# Harrys first egg!



## Becca199212 (May 10, 2007)

I went down to the aivary quite early today, well early in my terms wich is like 11. I fed them and whilst they were eating I checked the nest with the egg but found it craked on the floor instead, I quite upset, was looking forward to having a new chick to play with. Once they had finished feeding I cleaned up otside and then got two birds ready for a man who wanted a pair for his dad for his birthday.

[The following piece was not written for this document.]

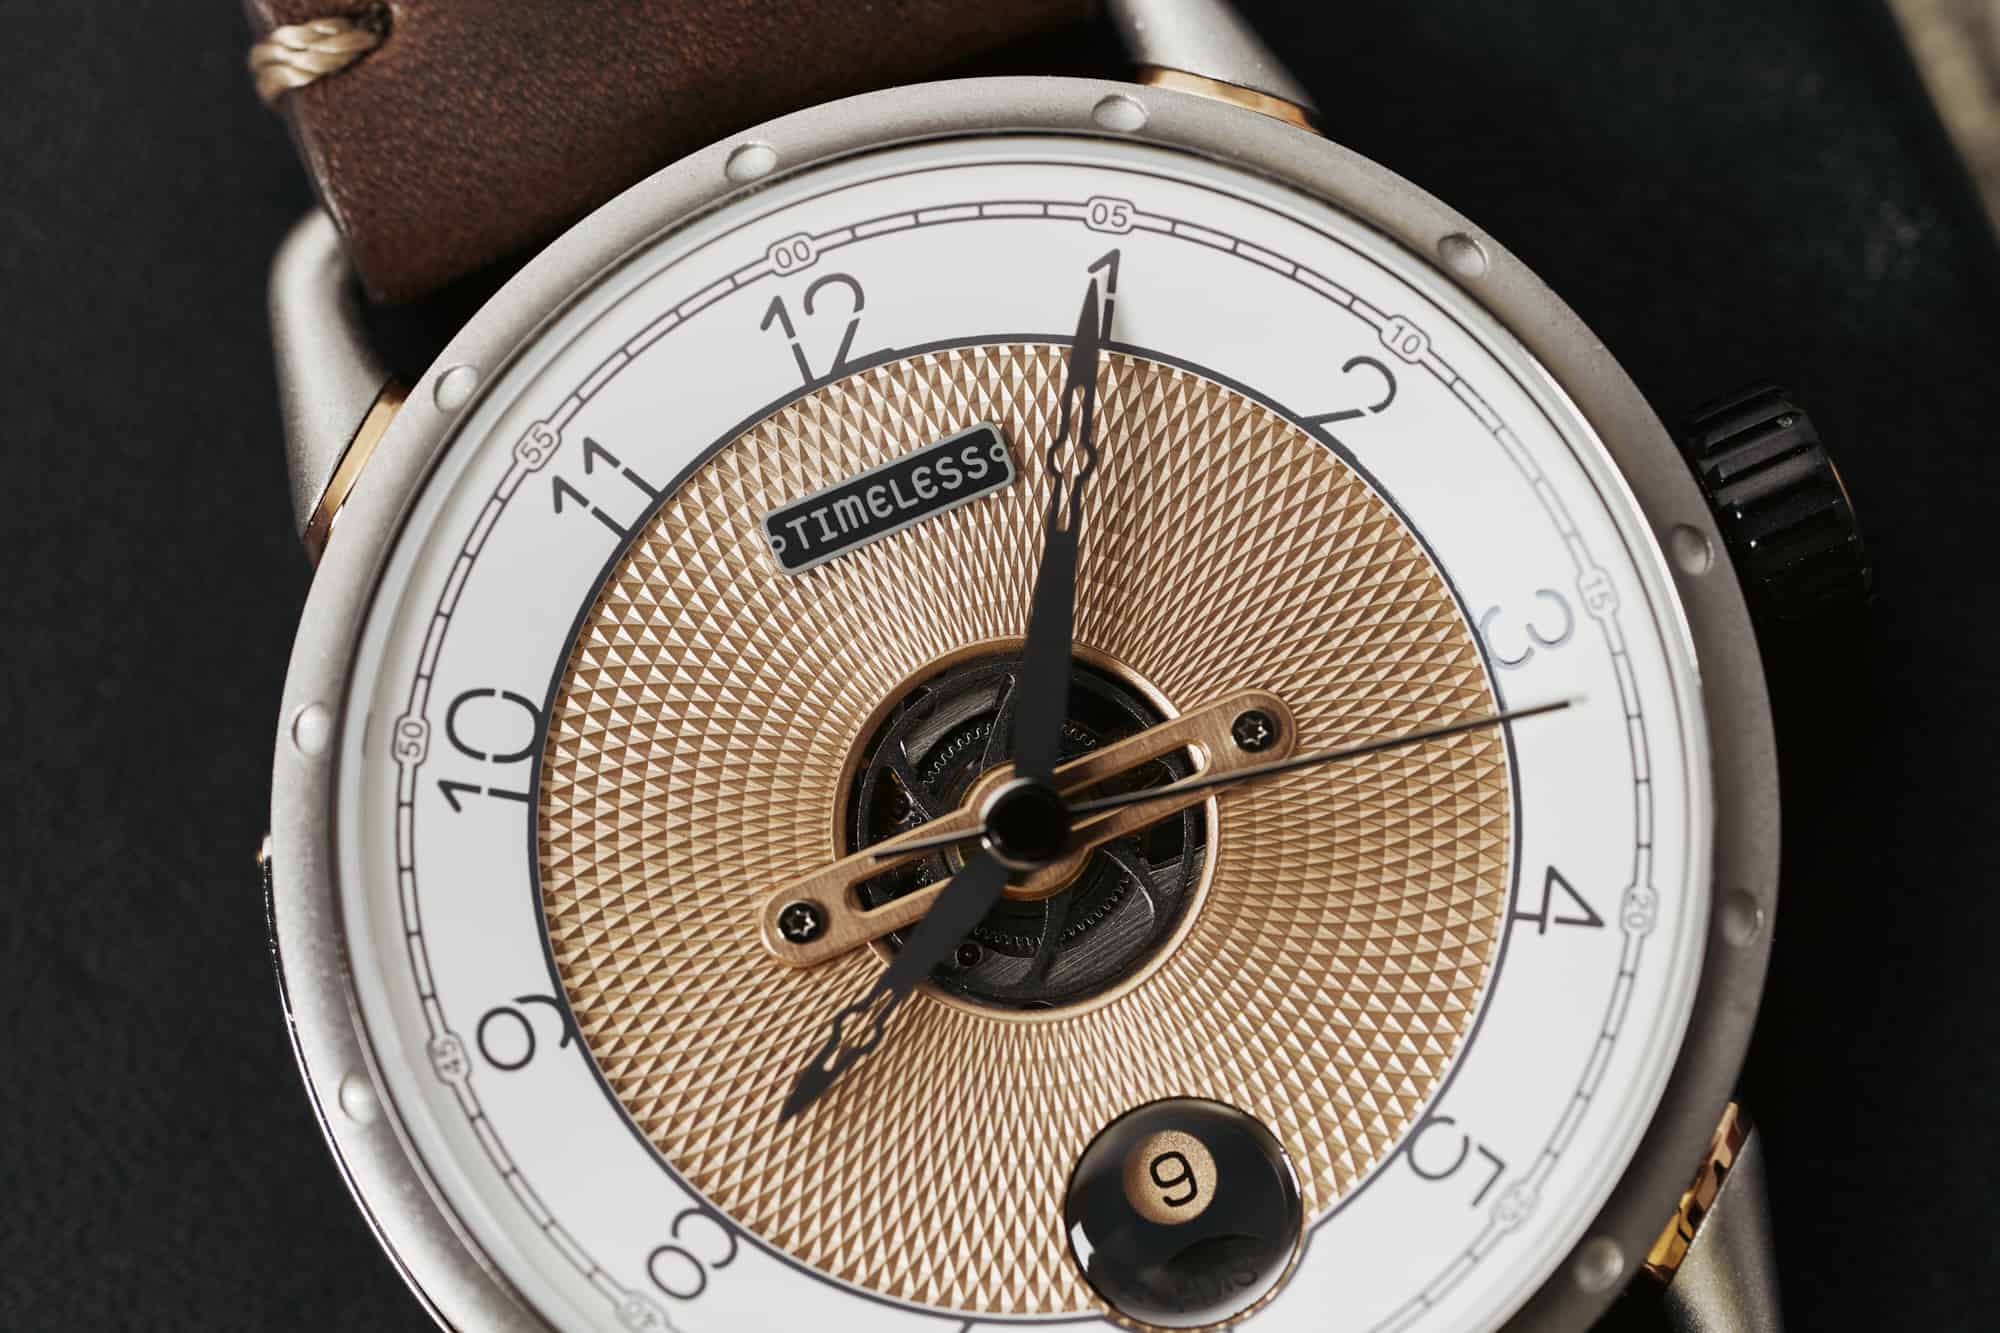 Hands-On: The Peculiar Timeless HMS

He came at 12 was gone by 12:15, I then went back inside to find Harry and a fairly young bird sitting in one of the nest boxes just watching this egg that had suddenly appeared!!!

I was so pleased but quite angry since they hd obviously just layed it and if I hadn't of been getting the other birds ready I would have been in there cleaning the inside and saw her lay it! They kind of watched it for a while then I cleaned it all out and the hen sat on the egg whilst Harry took her one bit of hay up at a time and she took it off him and they started making their nest. I got a photo of them watching the egg, haven't been round today to see if there is a second one but its both their first egg!


----------



## mr squeaks (Apr 14, 2005)

CONGRATULATIONS TO THE HAPPY COUPLE!!

What a lovely pair! I'm sure their babies will be just beautiful!!

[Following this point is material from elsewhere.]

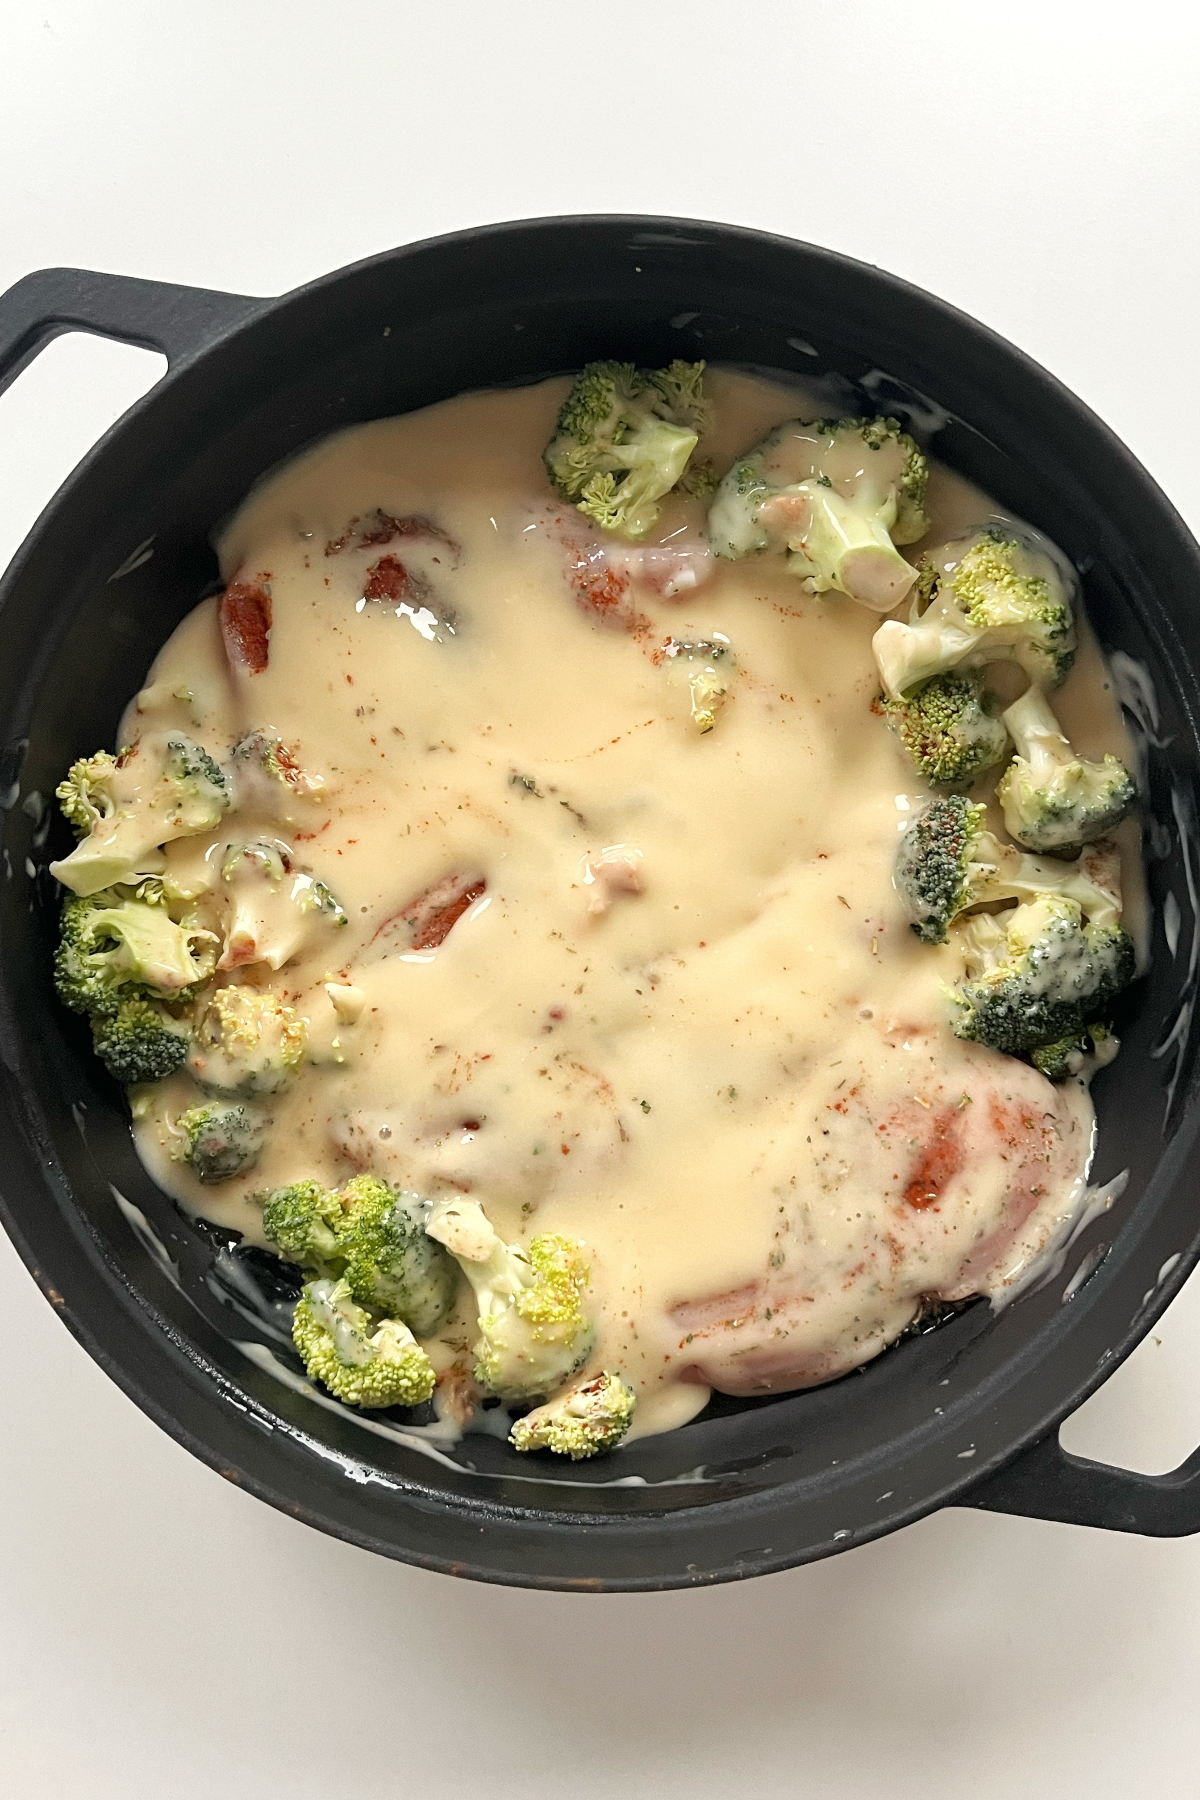 Black pan filled with chicken breast, broccoli, cream of chicken soup.

We will LOTS to look forward to seeing and hearing!

HUGS and SCRITCHES

Shi & Squeaks


----------



## jdjd (Jun 10, 2007)

*Congrats Becca!!!*

Cant wait to see the baby or babys! Hope everything goes well


----------



## Maggie-NC (Jun 22, 2005)

Becca, congratulations. Looking forward to the big event and pictures.

Those are absolutely gorgeous pigeons.


----------



## maryjane (Jul 15, 2006)

That picture of them looking at the egg is so funny.  Congratulations.


----------



## NitaS (May 26, 2007)

Very pretty birds! Congratulations


----------



## Becca199212 (May 10, 2007)

Just got a call and they have laid the second egg! Yey! I really do hope at least one hatches! I'm going round tomorrow and will take some photos if it's not raining!


----------



## Skyeking (Jan 17, 2003)

Congratulations ont the eggs, they will have some handsome babies!


----------



## jdjd (Jun 10, 2007)

Can't wait to see the babies, Great news Becca and congrats for the second egg!


----------



## Becca199212 (May 10, 2007)

Got a photo of the second egg, Harry is willing to leave it for the tinist bit of seed, you would think we never feed them! It's just Harry whose like that though he is always the first and last to eat LOL.


----------



## pigeonpoo (Sep 16, 2005)

Beautiful birds. I wonder if the babies will have a back splotch on their heads!


----------



## Becca199212 (May 10, 2007)

Its wierd actually because both Harrys parents are totally white yet he has a black splodge on his head and his sister has a black tail feather. They have also has 2 sets of twins all of them were totally white.


----------



## jdjd (Jun 10, 2007)

*Great News*

First, I want to say that thats great that you have 2 eggs and very good parents.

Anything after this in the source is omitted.